Development of EST-SSR markers in the relict tree Davidia involucrata (Davidiaceae) using transcriptome sequencing
Abstract
Davidia involucrata, reputed to be a “living fossil” in the plant kingdom, is a relict tree endemic to China. Extant natural populations are diminishing due to anthropogenic disturbance. In order to understand its ability to survive in a range of climatic conditions and to design conservation strategies for this endangered species, we developed genic simple sequence repeats (SSRs) from mRNA transcripts. In total, 142,950 contigs were assembled. Of these, 30,411 genic SSR loci were discovered and 12,208 primer pairs were designed. Dinucleotides were the most common (77.31%) followed by trinucleotides (16.44%). Thirteen randomly selected primers were synthesized and validated using 24 individuals of D. involucrata. The markers displayed high polymorphism with the number of alleles per locus ranging from 3 to 12 and the observed and expected heterozygosities ranging from 0.083 to 1.0 and 0.102 to 0.69, respectively.
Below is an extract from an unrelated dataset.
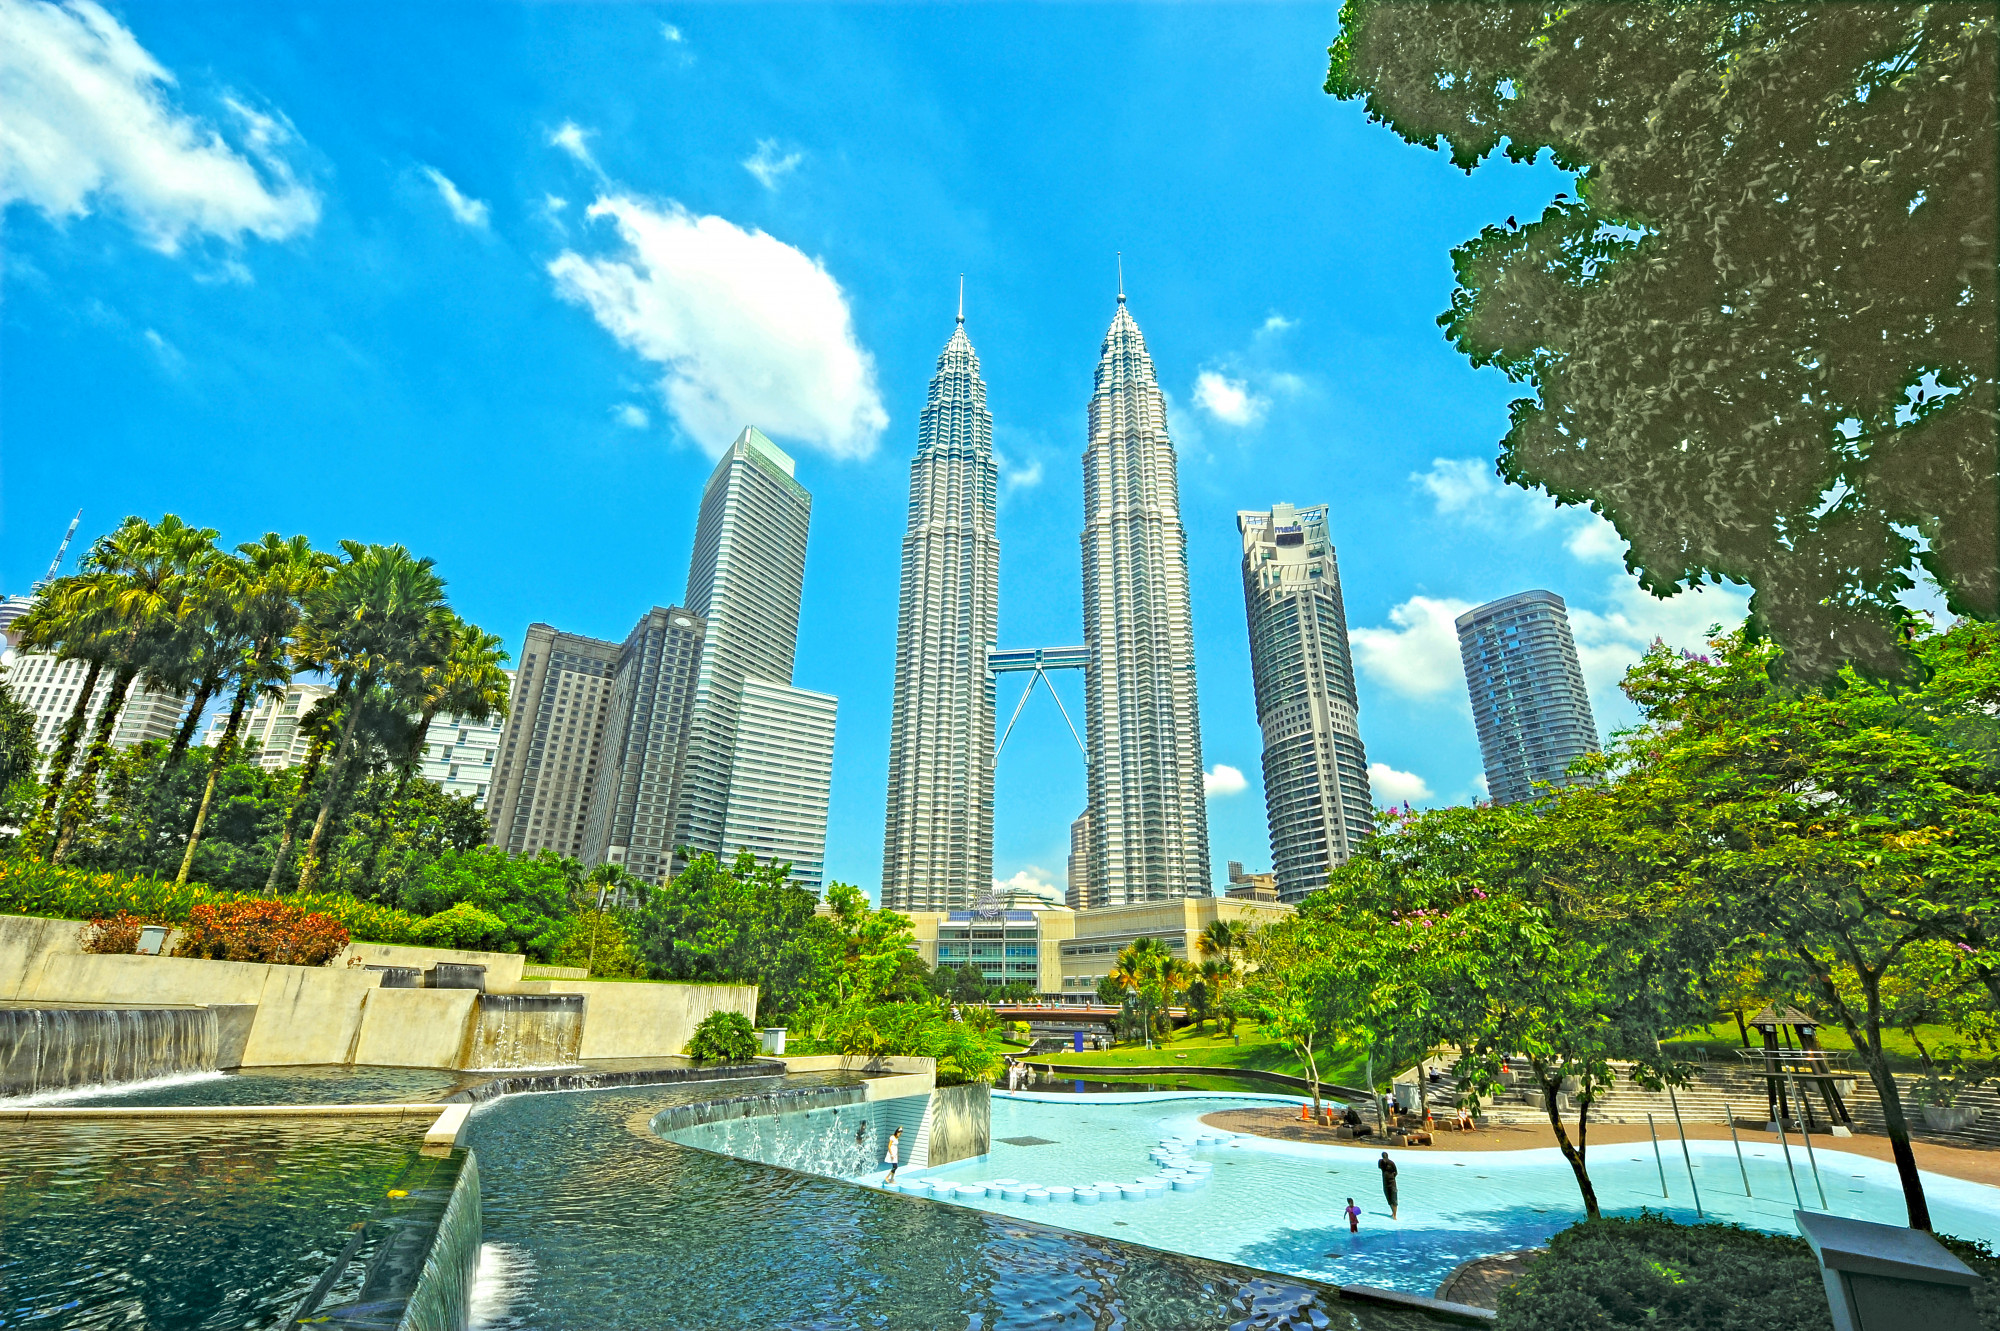 Tháp đôi Petronas – Wikipedia tiếng Việthttps://vi.wikipedia.org › wiki › Tháp_đôi_Petronas Tháp đôi Petronas, hay Petronas TwinTowers, là tên một cao ốc tại Kuala Lumpur, Malaysia. Tòa tháp đôi này đã từng là tòa nhà cao nhất thế giới

This large expressed sequence tag dataset and the novel SSR markers will be key tools in comparative studies that may reveal the adaptive evolution, population structure, and resolve the genetic diversity in this endangered species.
INTRODUCTION
Davidia involucrata Baill. (Davidiaceae), the dove tree, is a deciduous tree well known for its characteristic inflorescences that appear as doves perched on its branches. It is a valuable species for ornamental purposes in China, Europe, and North America (Manchester, 2002). D. involucrata is the only living species in its genus and is native to South Central and South West China, inhabiting the altitudinal range of 600-3200 m above sea level, with a mean annual rainfall of 600-1200 mm (Tang and Ohsawa, 2002; You et al., 2014). This species, purported to be a “living fossil” (Manchester, 2002), was listed as a rare species in the China Plants Red Data Book (Fu and Jin, 1992). The natural populations have been decreasing continuously, mainly due to anthropogenic interference, including habitat disturbance throughout most of its natural distribution range, increased logging, and collection of wild seeds by locals for commercial reasons (Luo et al., 2011; You et al., 2014).
Genetic diversity and phylogeographic studies have previously been conducted on D. involucrata, using various molecular markers, including allozymes (Peng et al., 2003), random-amplified polymorphic DNA (Song and Bao, 2004), inter-simple sequence repeats (Luo et al., 2011), amplified fragment length polymorphisms (Li et al., 2012a), chloroplast DNA (cpDNA) non-coding regions (Chen et al., 2015), and cpDNA and nuclear simple sequence repeats (nSSR) (Ma et al., 2015). Researchers have thus broadened our understanding of the evolutionary history of this species.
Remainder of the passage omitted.